Give the listing again in full and exactly, apart from its pictures.

● **Available data**
== Segment start ==
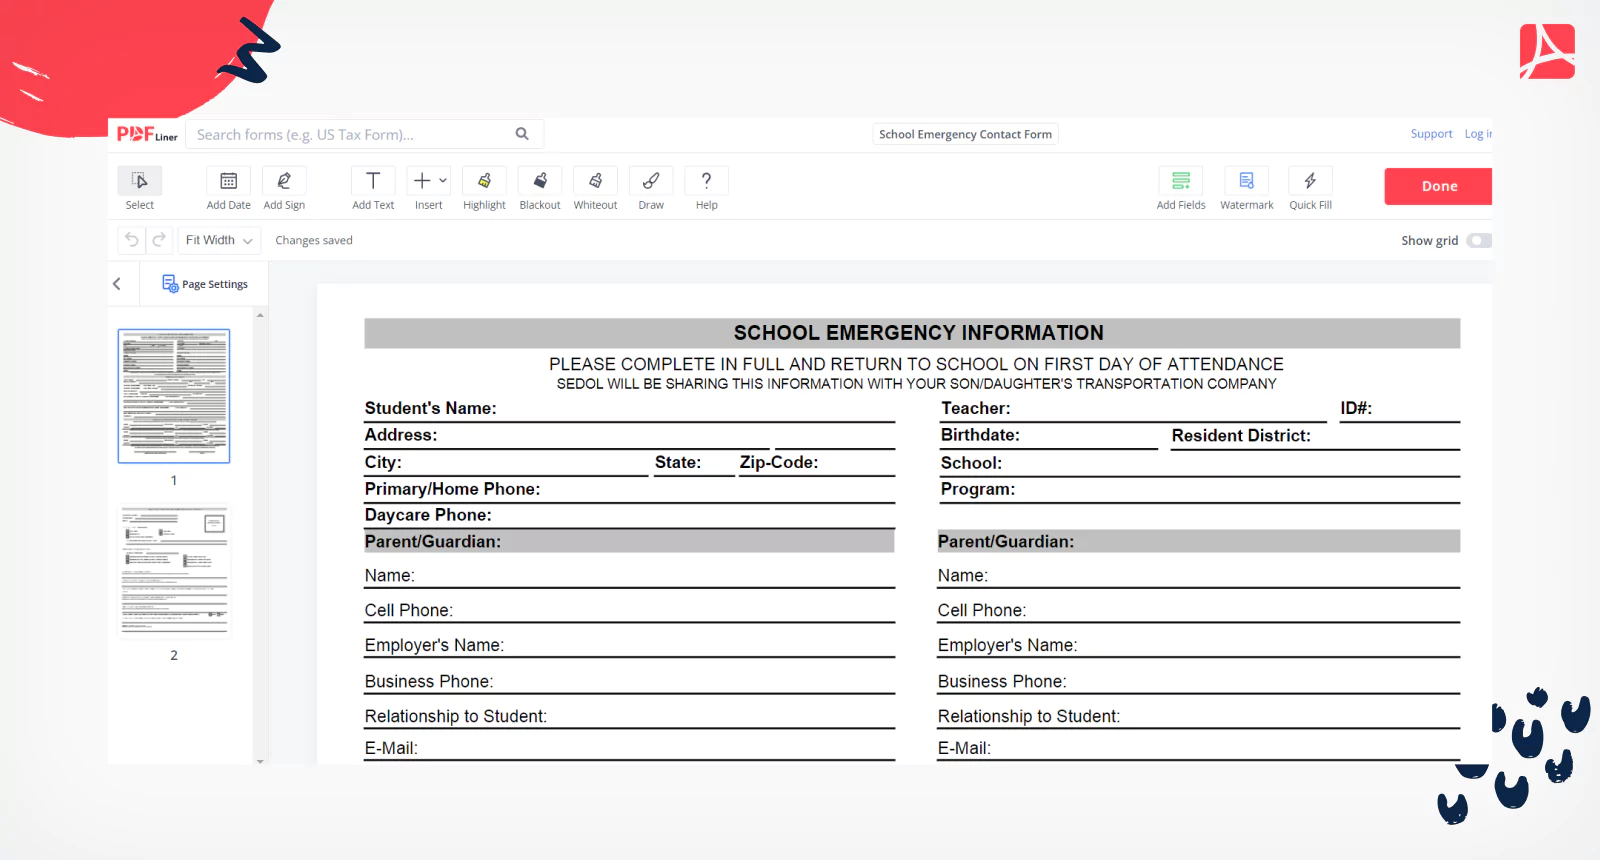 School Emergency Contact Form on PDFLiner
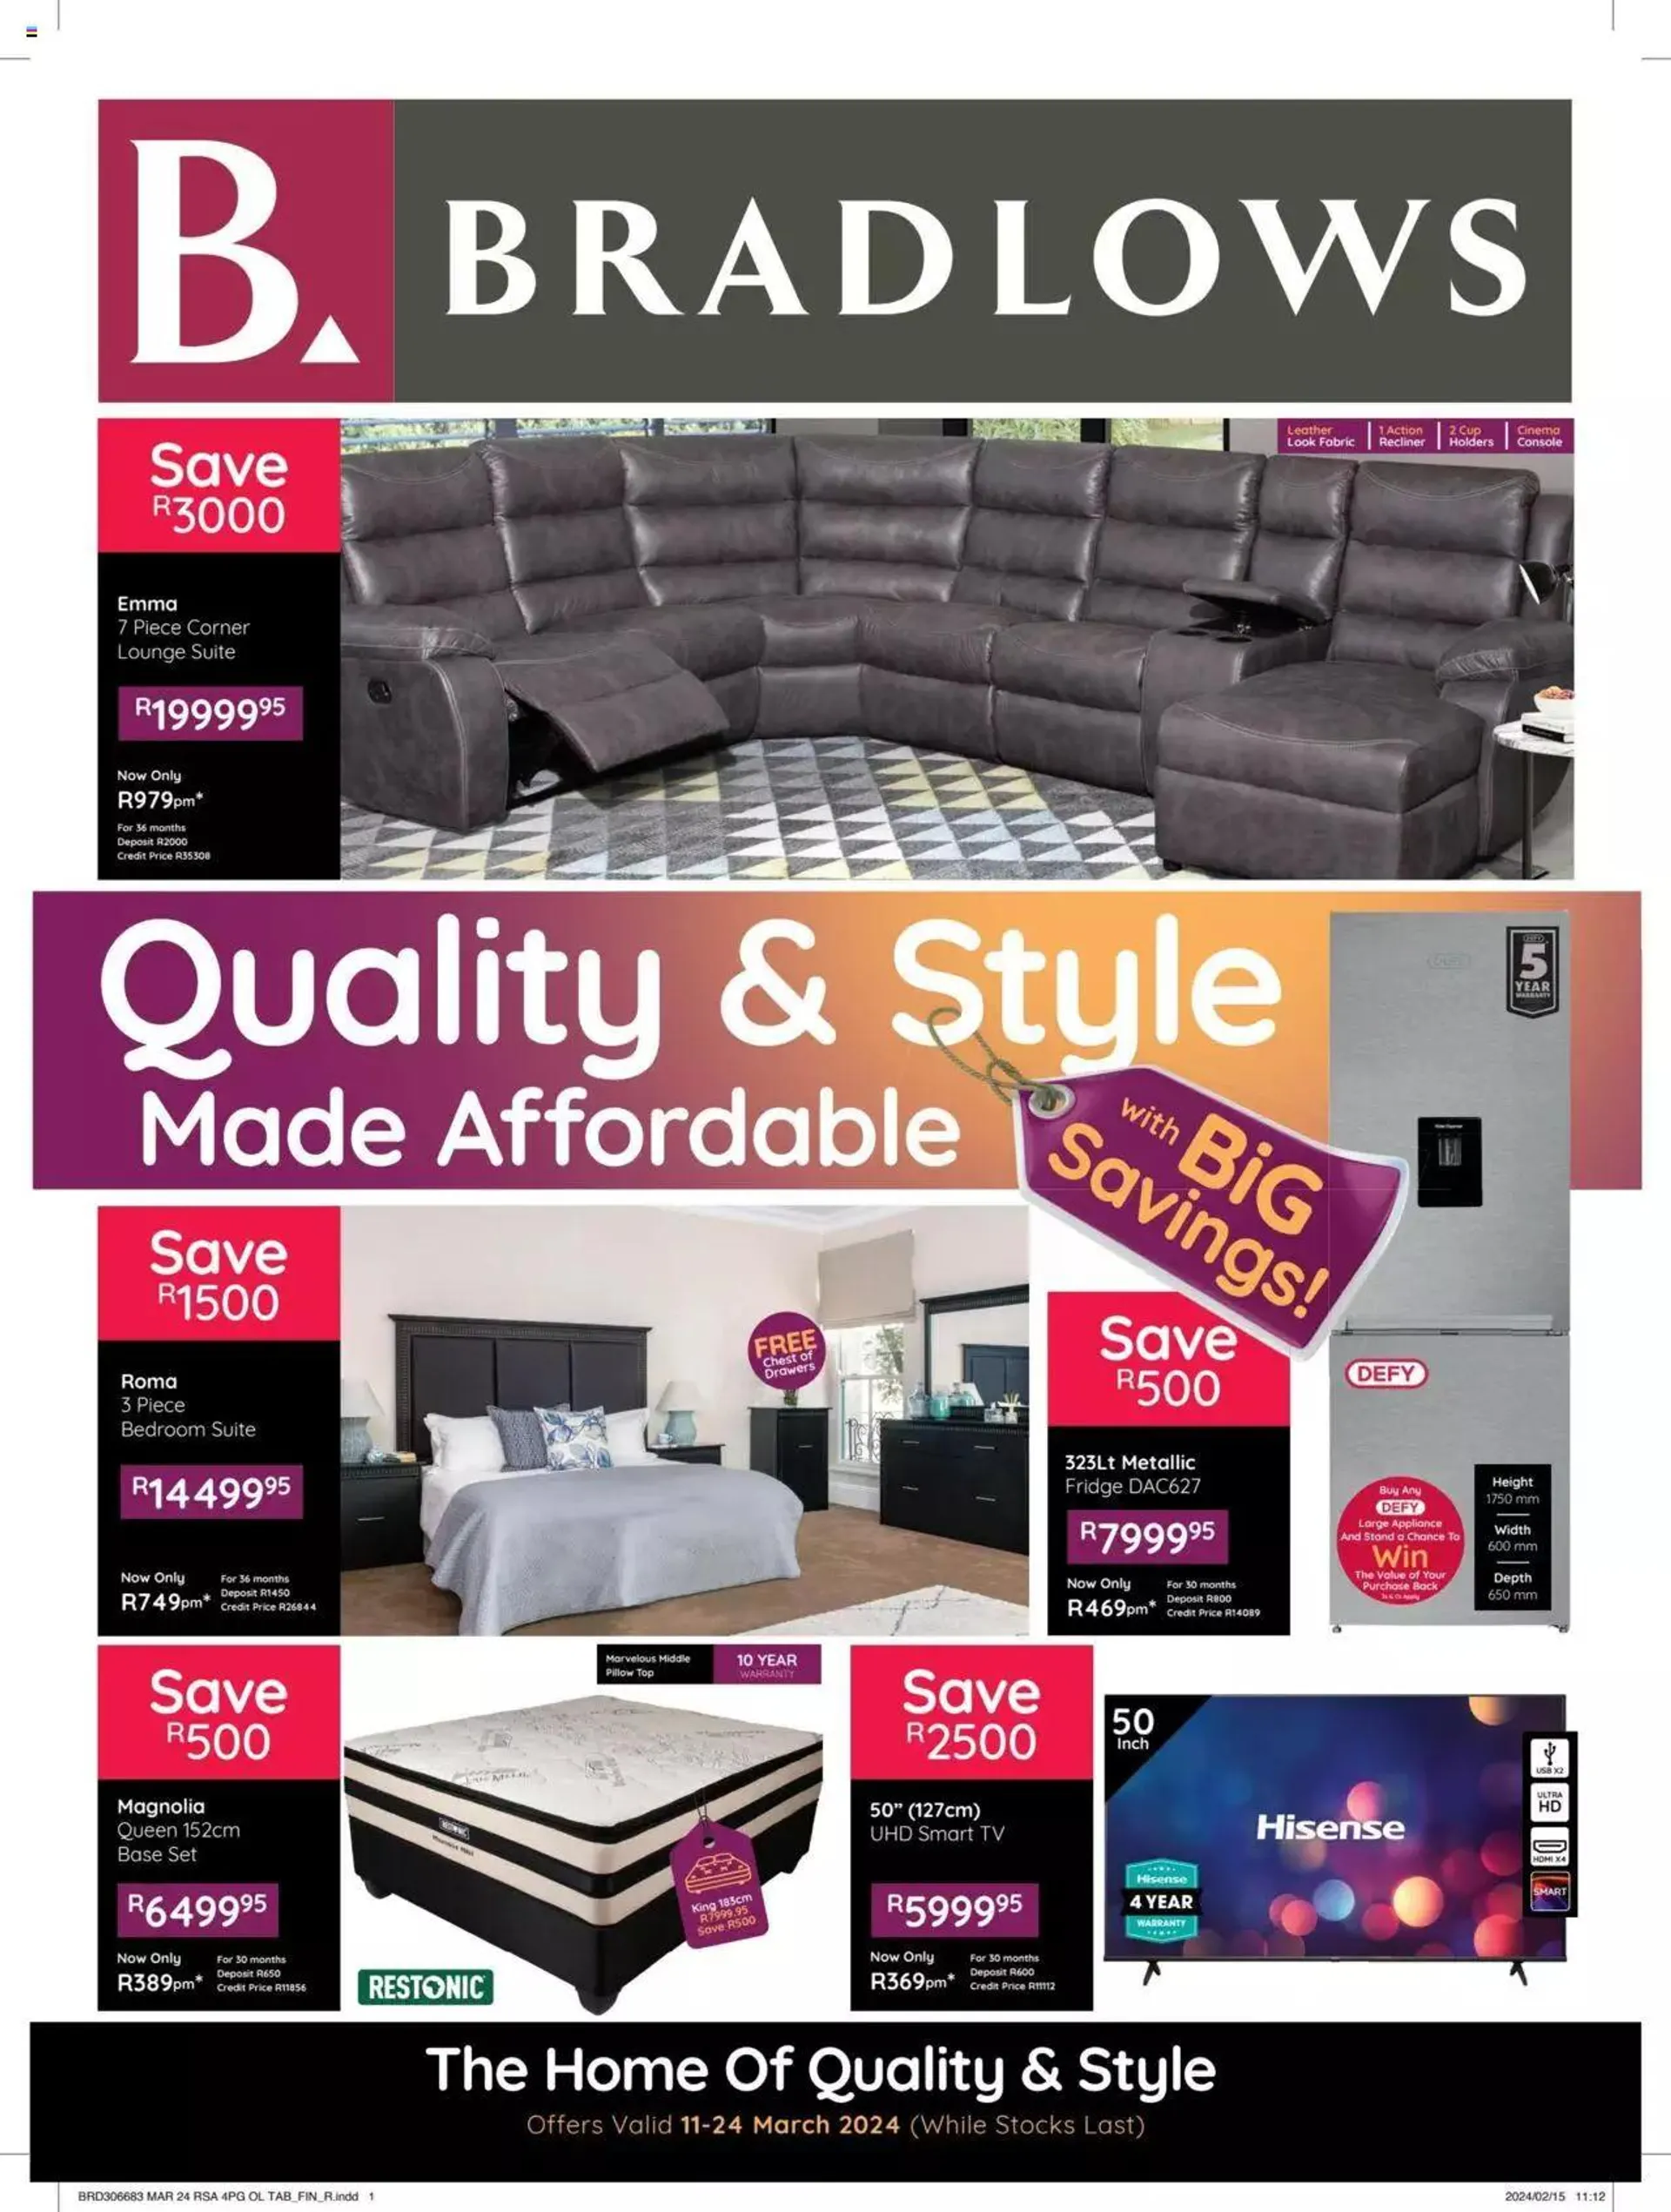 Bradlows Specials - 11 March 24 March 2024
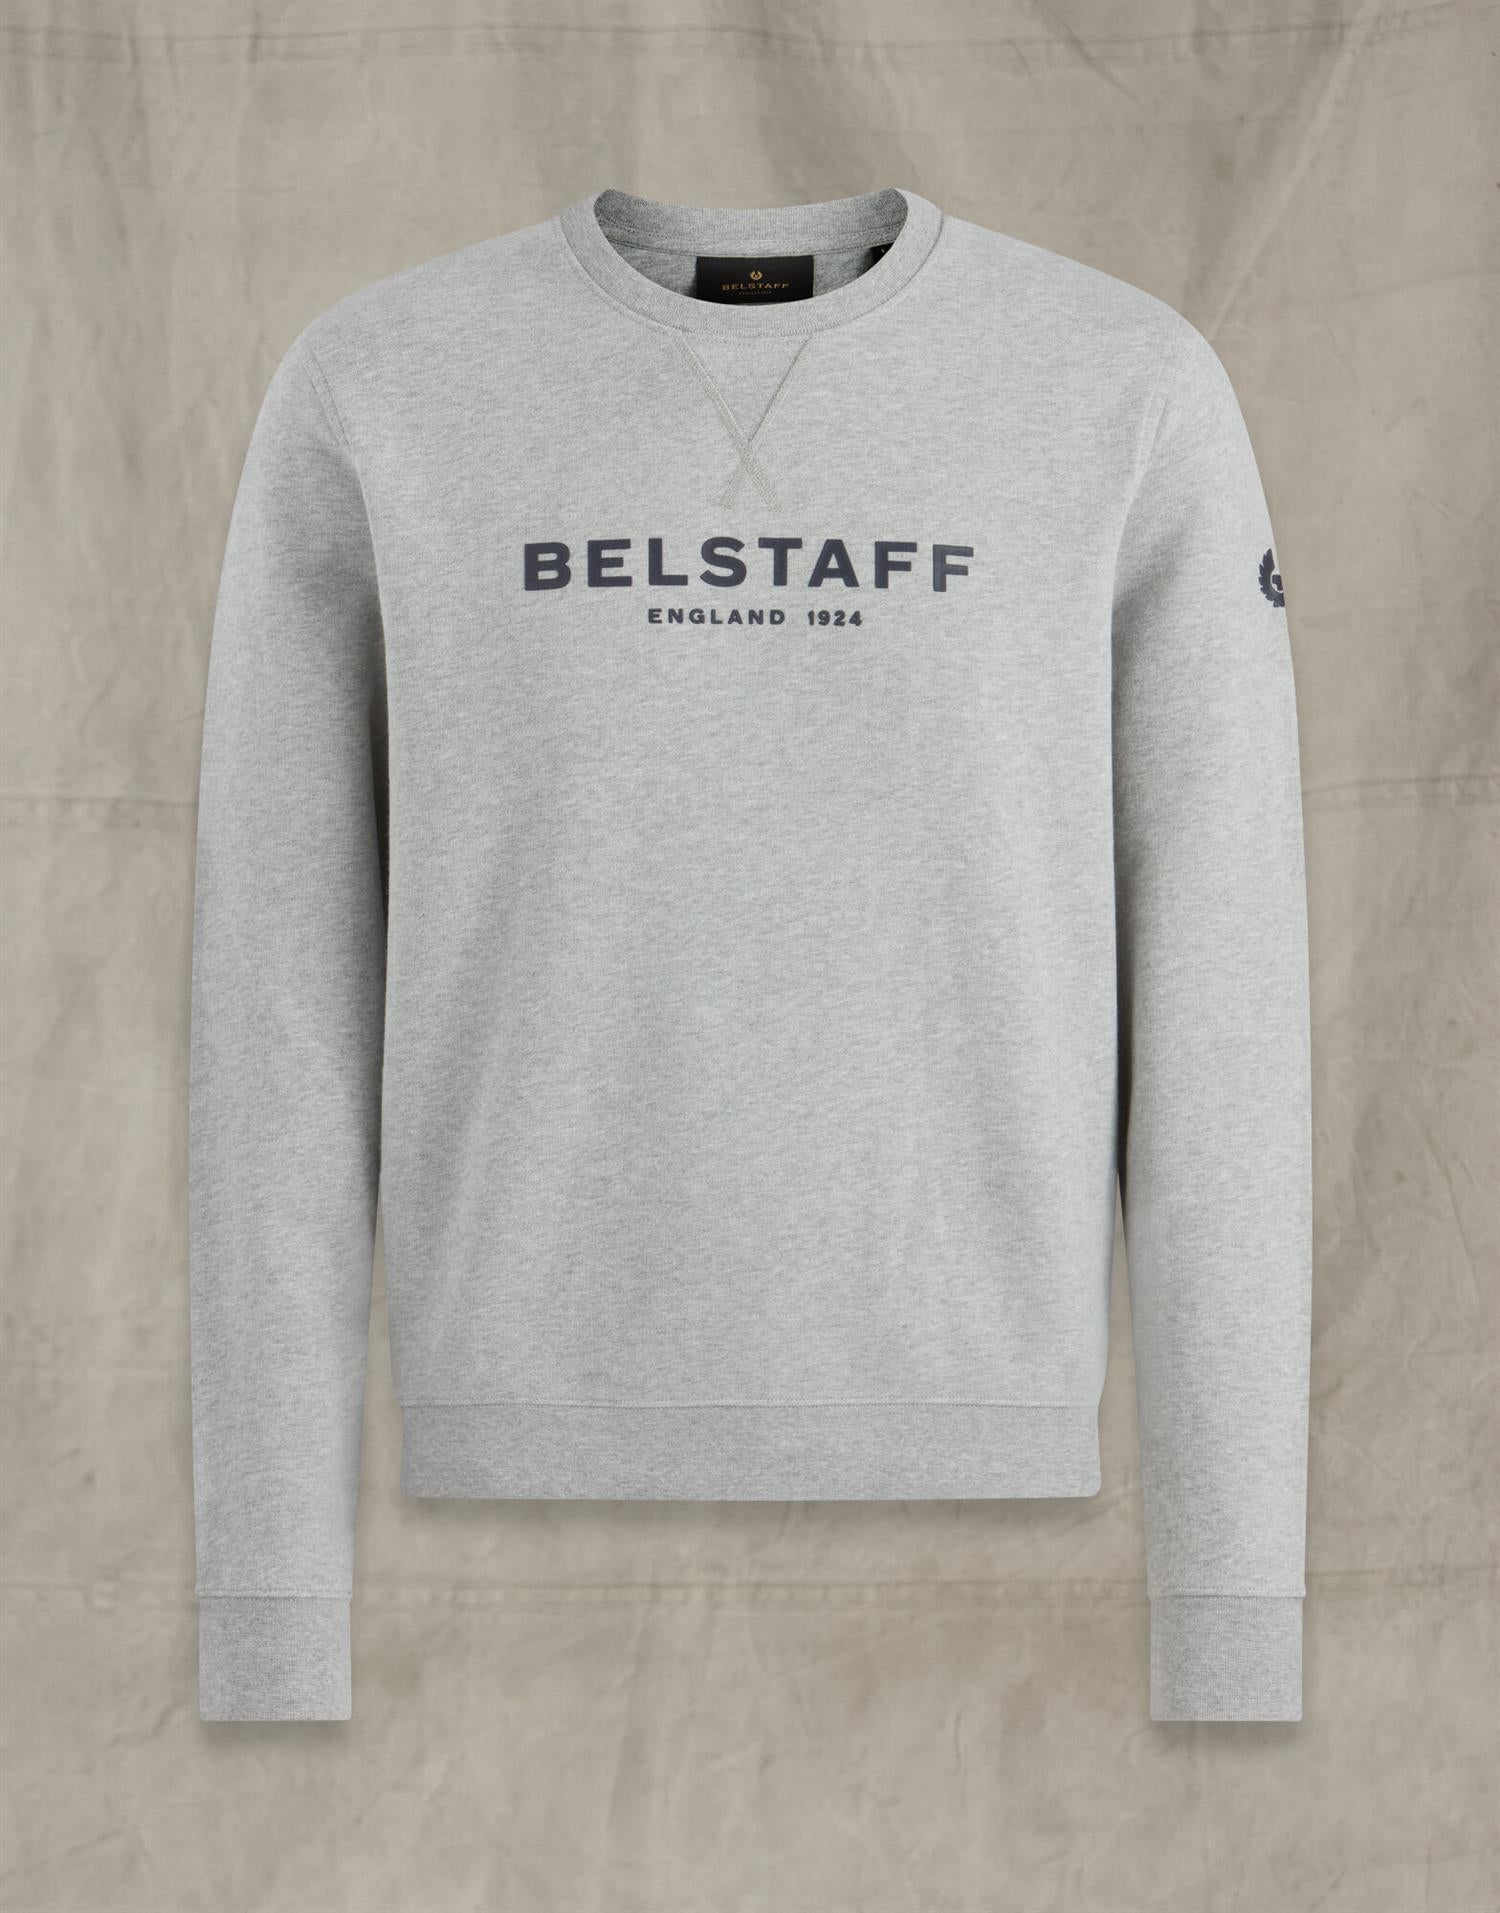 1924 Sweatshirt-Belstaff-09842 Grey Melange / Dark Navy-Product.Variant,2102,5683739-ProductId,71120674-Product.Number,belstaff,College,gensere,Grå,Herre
== Segment end ==
● **Solution**
 School Emergency Contact Form on PDFLiner
 Bradlows Specials - 11 March 24 March 2024
 1924 Sweatshirt-Belstaff-09842 Grey Melange / Dark Navy-Product.Variant,2102,5683739-ProductId,71120674-Product.Number,belstaff,College,gensere,Grå,Herre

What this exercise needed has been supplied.